Logo chegaram os primeiros migrantes de São Paulo, Santa Catarina e Rio Grande do Sul em busca de madeira, até então matéria-prima abundante. Com o final do ciclo, surgiram as primeiras lavouras. Hoje, a cidade vive em função da agricultura e da Coamo, que tem 4,8 mil funcionários, pouco menos da metade deles lotados na cidade. Estudo da cooperativa indica que 30% dos habitantes dependem diretamente do negócio. A loja da fabricante de máquinas New Holland é um exemplo disso. Em 12 anos, vendeu dois mil tratores e mil colheitadeiras – acima da média, de acordo com o gerente da Loja. “Se o agricultor é cooperado da Coamo ele já tem meio cadastro aprovado”, disse Marcos Mazzardo.
Natural de Brusque, em Santa Catarina, Gallassini cresceu dentro da fábrica de móveis do pai.

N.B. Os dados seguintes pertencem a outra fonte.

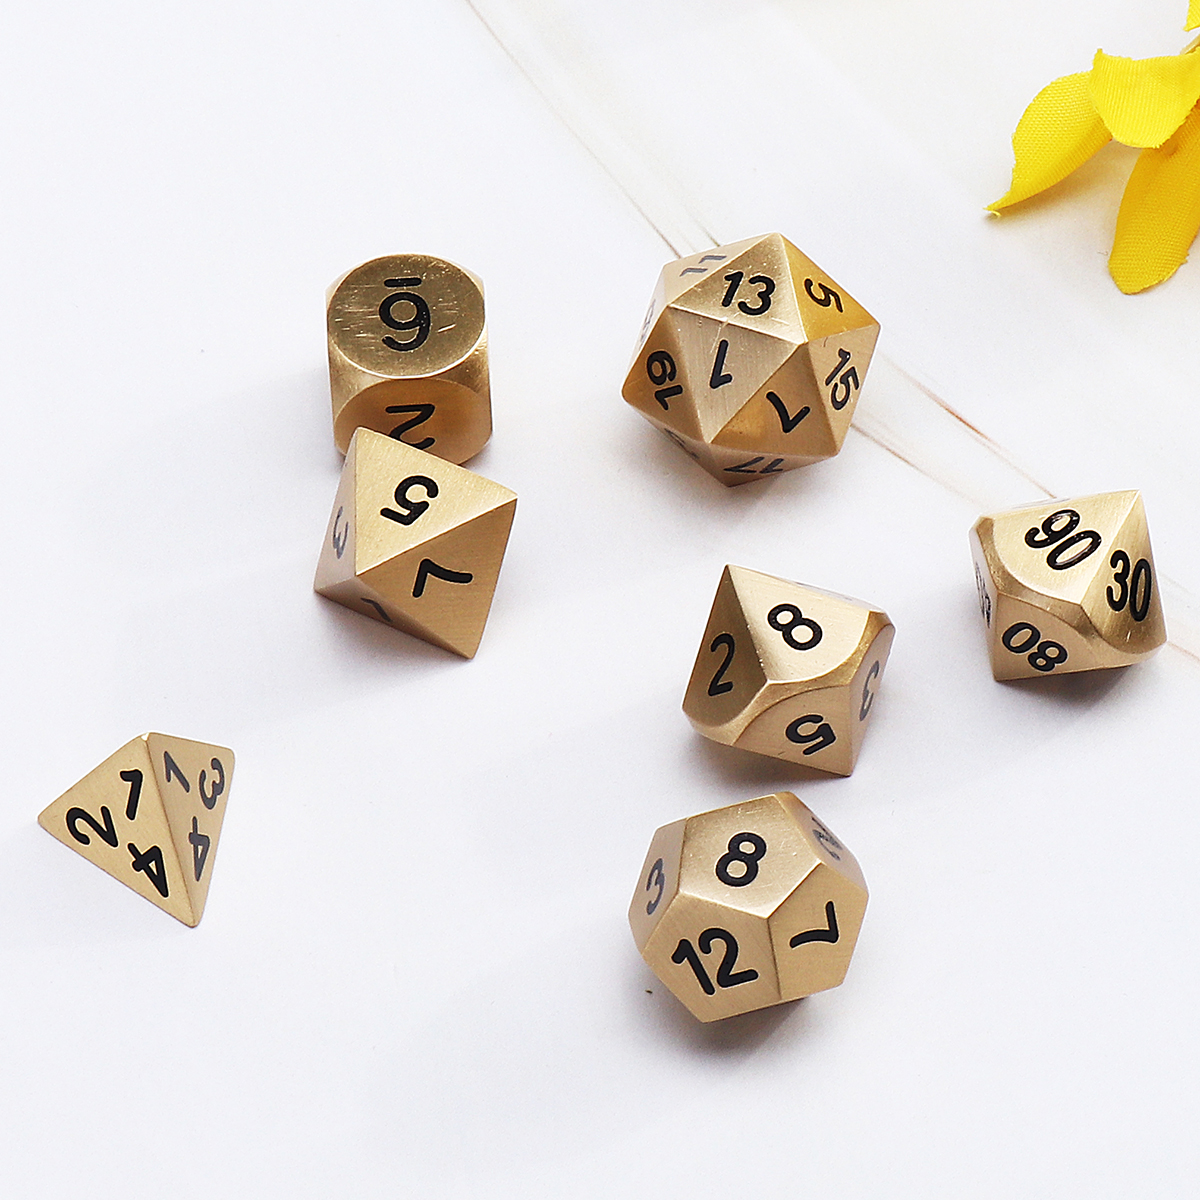 Pure-Copper-Polyhedral-Dices-Set-Metal-Role-Playing-Game-Dice-Gadget-for-Dungeons-Dragon-Games-Gift-1608120-6
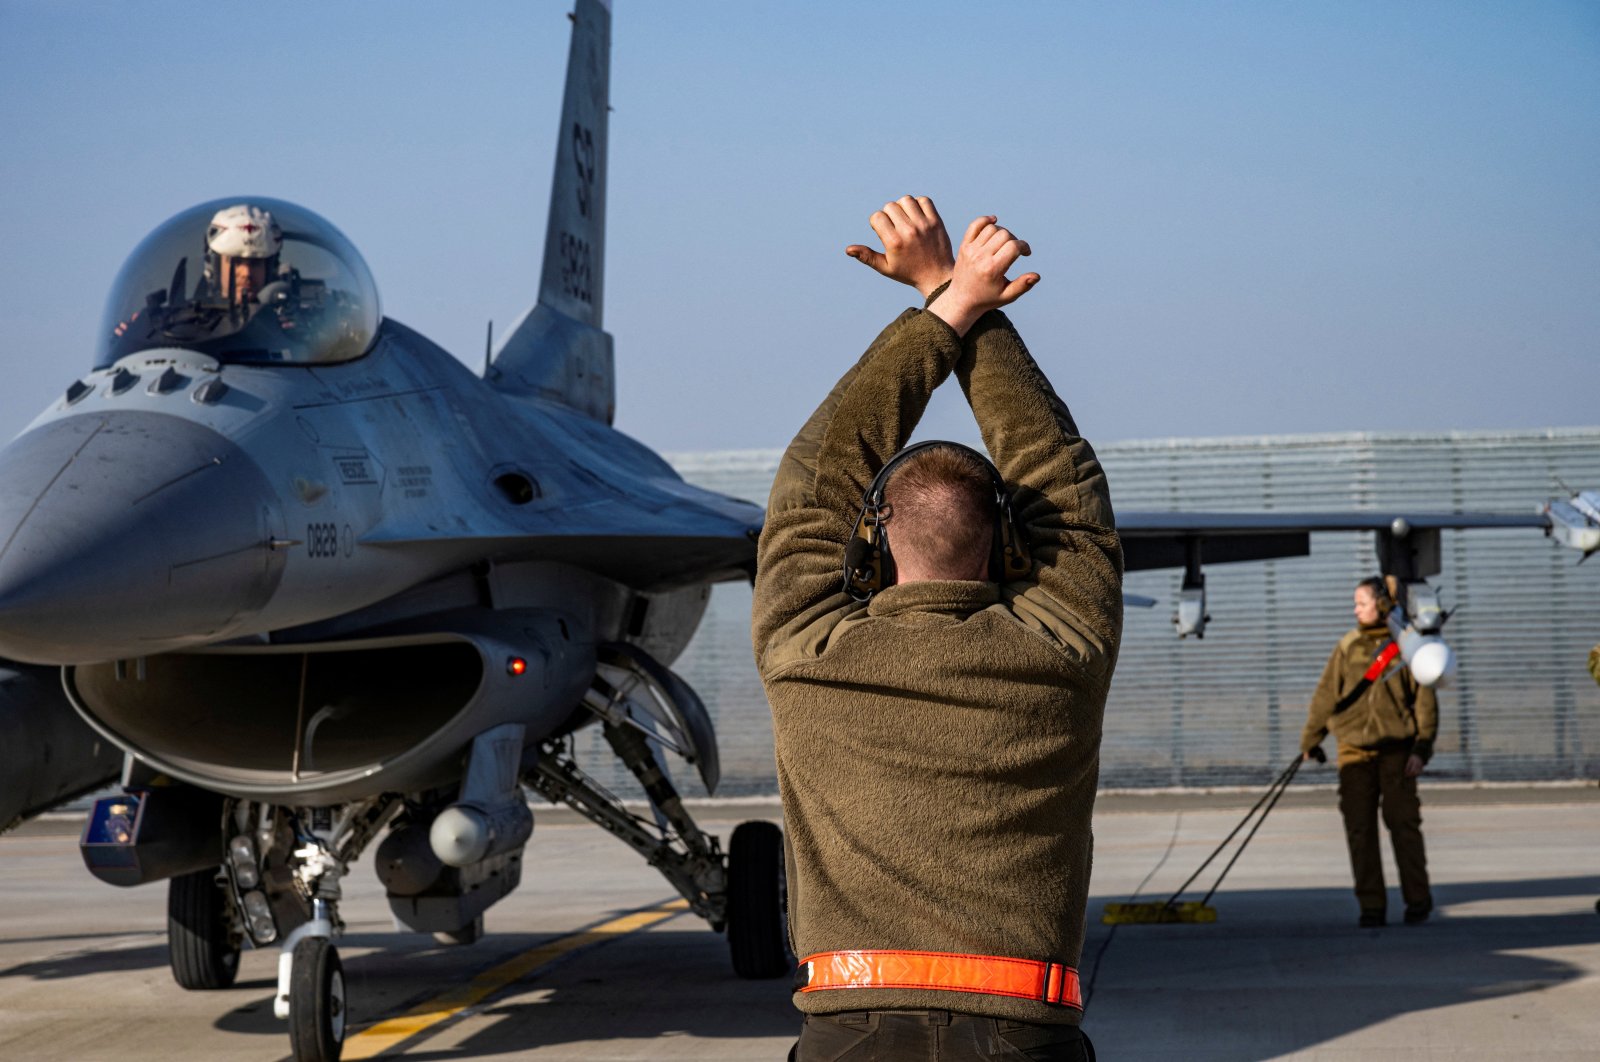 A U.S. Air Force airman marshals an F-16 Fighting Falcon aircraft assigned to the 480th Fighter Squadron, at the 86th Air Base near Fetesti, Romania, Feb. 17, 2022. (Reuters Photo)

Apesar da influência, sempre sonhou em trabalhar no campo. Criado numa família com 12 irmãos, pegou no batente pela primeira vez aos 13 anos para pagar suas contas e ter independência. Cinco anos depois, mudou-se para Curitiba para fazer exército e um curso de agricultura. Lá, trabalhou na rodoviária, em bancos e numa empresa que fazia cálculo topográfico.

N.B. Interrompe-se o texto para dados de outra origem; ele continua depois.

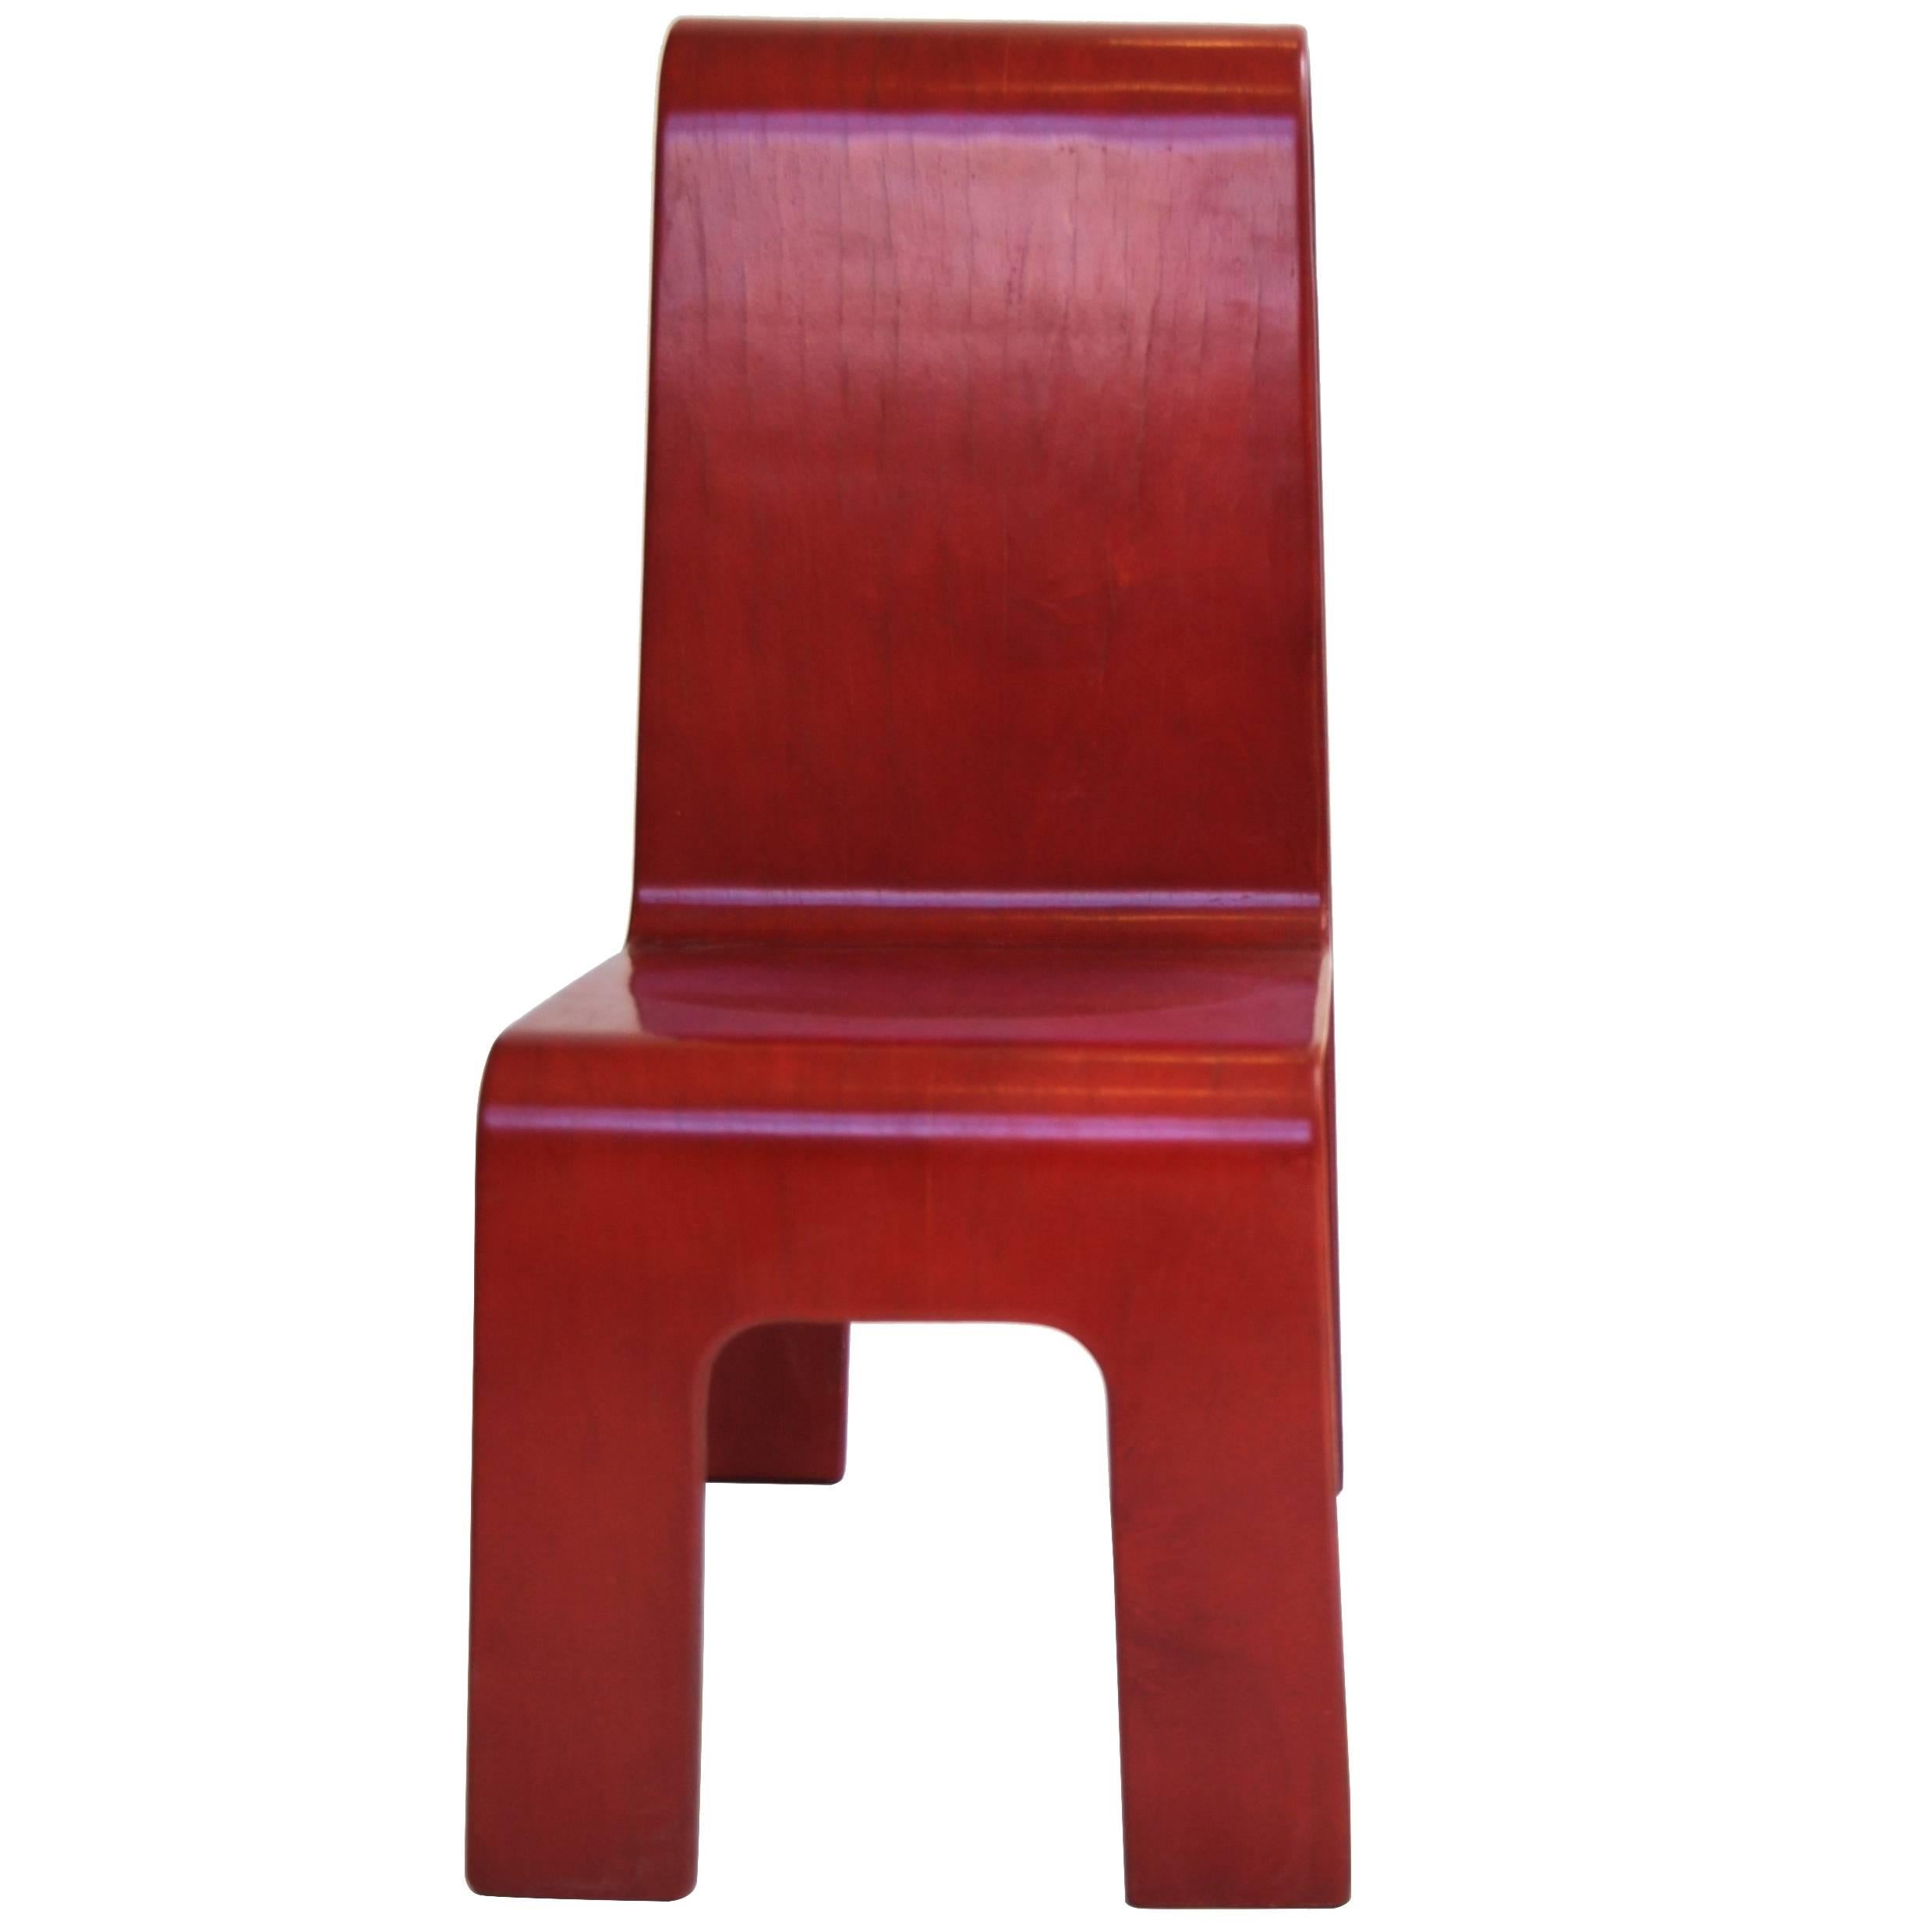 Kinder-Link Molded Maple Plywood Cut-Out Child Chair by Isku, Finland, in Red For Sale

Formado em engenharia agrônoma pela Universidade Federal do Paraná, prestou concurso para trabalhar na empresa de desenvolvimento rural Acarpa e foi transferido para Campo Mourão. Casado há 41 anos e pai de duas filhas, acorda todos os dias às seis horas da manhã para fazer exercícios. Uma hora depois, já está despachando na sua mesa, antes do início do expediente na sede da Coamo. Apesar da idade, trabalha 12 horas por dia e ainda encontra tempo para caminhar sete quilômetros na associação dos funcionários e para frequentar o Rotary Club. Nos finais de semana, nada de descanso: vai até sua fazenda de dois mil hectares para podar o pomar e dar uma olhada nas 2,2 mil cabeças de gado.
Apesar da disposição, Gallassini admite que está em busca de um sucessor. Quando o assunto surge no escritório com paredes cobertas por mais de 20 títulos de cidadão honorário, o bom humor e as brincadeiras dão lugar a um semblante sério. Conta que a liderança de uma cooperativa se assemelha a uma empresa familiar. “A administração não passa de três gerações”, disse o executivo.
“Aquela história de pai rico, filho nobre, neto pobre já está chegando a filho pobre”. E logo lembra o caso de grandes empresas familiares que, nos últimos anos, foram compradas pelas concorrentes, como a Sadia. Se está preocupado que o mesmo aconteça com a Coamo? “Não, estamos preparando novas lideranças para assumir o meu lugar”, afirmou. Gallassini não estipula uma data para deixar o cargo. Por ora, isso só vai acontecer em duas situações: quando perceber que os cooperados não o quiserem mais ou se ficar doente. Quando deixa o escritório após um dia cheio e atrasado para o próximo encontro, o executivo tem uma coisa a menos com o que se preocupar. A chuva que molha o asfalto é um sinal de que já está quase na hora de plantar a próxima safra.